Accidental Microsoft AI 38TB Data Leak by Researchers

AI researchers at Microsoft have made a huge mistake. According to a new report from cloud security company Wiz, the Microsoft AI research team accidentally leaked 38TB of the company’s private data. 38 terabytes. That’s a lot of data. Microsoft AI data leak included full backups of two employees’ computers. These backups contained sensitive personal data, including passwords to Microsoft services, secret keys, and more than 30,000 internal Microsoft Teams messages from more than 350 Microsoft employees.

So, how AI data breach happen?

The report explains that Microsoft AI data leak resulted as the team uploaded a bucket of training data containing open-source code and AI models for image recognition. AI employee data leak occurred as the users who came across the Github repository were provided with a link from Azure, Microsoft’s cloud storage service, in order to download the models.

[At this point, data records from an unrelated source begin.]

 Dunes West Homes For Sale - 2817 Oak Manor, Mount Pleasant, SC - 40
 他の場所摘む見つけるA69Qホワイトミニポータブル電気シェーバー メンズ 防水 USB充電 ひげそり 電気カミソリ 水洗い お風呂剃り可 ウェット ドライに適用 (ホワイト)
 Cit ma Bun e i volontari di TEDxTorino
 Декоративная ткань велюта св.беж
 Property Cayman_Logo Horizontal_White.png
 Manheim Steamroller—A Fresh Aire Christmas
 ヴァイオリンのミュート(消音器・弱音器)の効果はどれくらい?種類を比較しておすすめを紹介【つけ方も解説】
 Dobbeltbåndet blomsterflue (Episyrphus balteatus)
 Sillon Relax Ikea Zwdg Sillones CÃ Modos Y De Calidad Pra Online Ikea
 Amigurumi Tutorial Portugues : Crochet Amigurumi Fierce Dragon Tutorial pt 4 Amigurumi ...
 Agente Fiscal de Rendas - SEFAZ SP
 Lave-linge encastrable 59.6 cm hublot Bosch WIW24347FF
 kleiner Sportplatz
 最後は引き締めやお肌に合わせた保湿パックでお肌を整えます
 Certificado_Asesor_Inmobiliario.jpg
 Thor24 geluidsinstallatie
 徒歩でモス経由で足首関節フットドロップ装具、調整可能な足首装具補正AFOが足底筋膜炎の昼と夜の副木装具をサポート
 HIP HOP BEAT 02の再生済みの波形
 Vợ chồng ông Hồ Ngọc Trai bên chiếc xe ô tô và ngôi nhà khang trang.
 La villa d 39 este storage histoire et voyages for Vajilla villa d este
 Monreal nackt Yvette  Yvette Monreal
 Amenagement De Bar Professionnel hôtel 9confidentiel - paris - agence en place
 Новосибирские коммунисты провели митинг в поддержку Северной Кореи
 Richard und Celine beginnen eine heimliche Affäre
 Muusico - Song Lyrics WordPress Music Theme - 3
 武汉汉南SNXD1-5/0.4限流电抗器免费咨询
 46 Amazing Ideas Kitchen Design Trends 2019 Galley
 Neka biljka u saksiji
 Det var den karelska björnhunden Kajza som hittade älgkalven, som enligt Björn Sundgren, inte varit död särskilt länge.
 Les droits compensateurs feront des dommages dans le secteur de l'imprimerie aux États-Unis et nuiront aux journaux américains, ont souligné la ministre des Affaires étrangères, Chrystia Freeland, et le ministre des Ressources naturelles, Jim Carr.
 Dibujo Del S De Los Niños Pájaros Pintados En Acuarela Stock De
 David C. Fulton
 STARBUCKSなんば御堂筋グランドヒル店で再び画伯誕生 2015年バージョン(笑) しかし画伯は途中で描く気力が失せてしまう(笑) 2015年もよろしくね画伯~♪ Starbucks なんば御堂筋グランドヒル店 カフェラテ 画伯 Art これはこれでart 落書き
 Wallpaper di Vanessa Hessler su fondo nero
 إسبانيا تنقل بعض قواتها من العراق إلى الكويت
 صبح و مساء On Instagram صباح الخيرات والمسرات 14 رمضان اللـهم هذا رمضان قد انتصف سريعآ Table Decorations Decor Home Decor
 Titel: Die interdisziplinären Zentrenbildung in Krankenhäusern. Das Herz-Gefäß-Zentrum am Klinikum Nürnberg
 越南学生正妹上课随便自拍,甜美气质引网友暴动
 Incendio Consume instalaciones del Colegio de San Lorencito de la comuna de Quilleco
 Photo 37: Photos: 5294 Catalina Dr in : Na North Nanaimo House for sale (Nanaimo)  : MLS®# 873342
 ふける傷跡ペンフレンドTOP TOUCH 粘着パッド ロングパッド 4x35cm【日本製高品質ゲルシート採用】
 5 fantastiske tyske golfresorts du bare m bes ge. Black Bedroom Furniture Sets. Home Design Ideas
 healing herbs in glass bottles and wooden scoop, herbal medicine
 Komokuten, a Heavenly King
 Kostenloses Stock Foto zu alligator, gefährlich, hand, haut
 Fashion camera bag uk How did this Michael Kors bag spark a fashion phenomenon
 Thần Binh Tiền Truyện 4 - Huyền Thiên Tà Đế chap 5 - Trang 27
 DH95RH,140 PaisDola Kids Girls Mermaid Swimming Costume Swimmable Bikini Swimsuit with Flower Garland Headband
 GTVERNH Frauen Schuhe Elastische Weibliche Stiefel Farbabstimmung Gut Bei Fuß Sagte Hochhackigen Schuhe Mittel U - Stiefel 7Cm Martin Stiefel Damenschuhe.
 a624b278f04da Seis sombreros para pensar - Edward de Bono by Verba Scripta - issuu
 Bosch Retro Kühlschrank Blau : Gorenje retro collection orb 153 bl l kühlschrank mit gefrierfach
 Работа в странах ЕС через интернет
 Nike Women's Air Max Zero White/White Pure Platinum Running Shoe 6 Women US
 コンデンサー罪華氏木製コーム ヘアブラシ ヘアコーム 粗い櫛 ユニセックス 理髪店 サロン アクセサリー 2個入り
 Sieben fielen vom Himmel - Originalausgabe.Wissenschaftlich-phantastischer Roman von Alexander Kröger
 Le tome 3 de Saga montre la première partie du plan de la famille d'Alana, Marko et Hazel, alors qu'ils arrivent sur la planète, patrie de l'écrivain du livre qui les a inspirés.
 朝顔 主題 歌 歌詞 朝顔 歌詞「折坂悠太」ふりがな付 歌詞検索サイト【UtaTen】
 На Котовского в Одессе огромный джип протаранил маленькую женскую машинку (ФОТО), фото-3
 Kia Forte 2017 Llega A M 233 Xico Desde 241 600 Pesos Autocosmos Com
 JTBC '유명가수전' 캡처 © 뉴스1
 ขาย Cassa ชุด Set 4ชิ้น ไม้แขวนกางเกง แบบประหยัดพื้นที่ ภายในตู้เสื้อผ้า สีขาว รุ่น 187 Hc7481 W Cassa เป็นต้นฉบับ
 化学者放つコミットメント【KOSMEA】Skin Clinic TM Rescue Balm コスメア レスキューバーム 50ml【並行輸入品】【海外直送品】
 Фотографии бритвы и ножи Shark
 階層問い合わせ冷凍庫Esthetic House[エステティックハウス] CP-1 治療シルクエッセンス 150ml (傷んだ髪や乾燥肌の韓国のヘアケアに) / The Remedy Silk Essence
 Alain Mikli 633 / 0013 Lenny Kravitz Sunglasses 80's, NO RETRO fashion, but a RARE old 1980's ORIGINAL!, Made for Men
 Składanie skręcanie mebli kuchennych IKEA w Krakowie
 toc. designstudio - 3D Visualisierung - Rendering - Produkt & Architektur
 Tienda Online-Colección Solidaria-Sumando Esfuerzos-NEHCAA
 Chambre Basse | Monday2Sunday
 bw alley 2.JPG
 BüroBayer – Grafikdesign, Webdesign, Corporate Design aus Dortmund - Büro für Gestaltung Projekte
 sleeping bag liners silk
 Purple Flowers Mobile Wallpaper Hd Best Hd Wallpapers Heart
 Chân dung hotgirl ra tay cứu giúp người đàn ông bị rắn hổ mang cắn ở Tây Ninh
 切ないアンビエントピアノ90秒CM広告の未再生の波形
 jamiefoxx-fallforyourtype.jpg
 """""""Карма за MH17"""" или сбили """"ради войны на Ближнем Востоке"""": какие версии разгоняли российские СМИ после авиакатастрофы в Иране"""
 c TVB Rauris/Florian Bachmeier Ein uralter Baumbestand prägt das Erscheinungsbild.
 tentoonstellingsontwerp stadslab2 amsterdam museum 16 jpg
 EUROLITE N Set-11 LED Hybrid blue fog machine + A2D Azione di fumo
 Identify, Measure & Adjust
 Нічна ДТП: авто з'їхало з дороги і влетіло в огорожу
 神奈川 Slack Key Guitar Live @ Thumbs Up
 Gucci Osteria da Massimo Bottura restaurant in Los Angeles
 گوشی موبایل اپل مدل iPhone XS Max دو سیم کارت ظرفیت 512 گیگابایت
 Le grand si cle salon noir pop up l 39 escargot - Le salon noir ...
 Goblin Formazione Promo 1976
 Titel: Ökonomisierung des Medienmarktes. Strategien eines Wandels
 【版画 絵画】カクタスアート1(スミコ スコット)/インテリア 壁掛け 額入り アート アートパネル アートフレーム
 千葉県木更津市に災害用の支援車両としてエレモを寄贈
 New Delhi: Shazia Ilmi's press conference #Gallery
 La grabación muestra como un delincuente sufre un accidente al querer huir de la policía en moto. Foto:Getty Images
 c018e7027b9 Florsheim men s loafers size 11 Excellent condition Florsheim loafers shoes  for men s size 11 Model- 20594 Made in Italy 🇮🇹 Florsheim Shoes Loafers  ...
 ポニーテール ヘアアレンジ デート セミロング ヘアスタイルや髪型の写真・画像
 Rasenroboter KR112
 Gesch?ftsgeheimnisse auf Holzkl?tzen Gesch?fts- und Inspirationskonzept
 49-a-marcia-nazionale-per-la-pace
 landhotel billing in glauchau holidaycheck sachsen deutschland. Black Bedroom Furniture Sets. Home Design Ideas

One problem that lead to AI data breach

The link that was provided by Microsoft’s AI team gave visitors complete access to the entire Azure storage account. And not only could visitors view everything in the account, they could upload, overwrite, or delete files as well.

Wiz says that this occurred as a result of an Azure feature called Shared Access Signature (SAS) tokens, which is “a signed URL that grants access to Azure Storage data.” The SAS token could have been set up with limitations to what file or files could be accessed. However, this particular link was configured with full access resulting in AI data breach.

Was AI data breach due to the shareable link?

Adding to the potential issues, according to Wiz, is that it appears that this AI data breach was expected as the data has been exposed since 2020.

The link was deliberately included with the files so that interested researchers could download pretrained models that part was no accident. Microsoft’s researchers used an Azure feature called “SAS tokens,” which allows users to create shareable links that give other people access to data in their Azure Storage account.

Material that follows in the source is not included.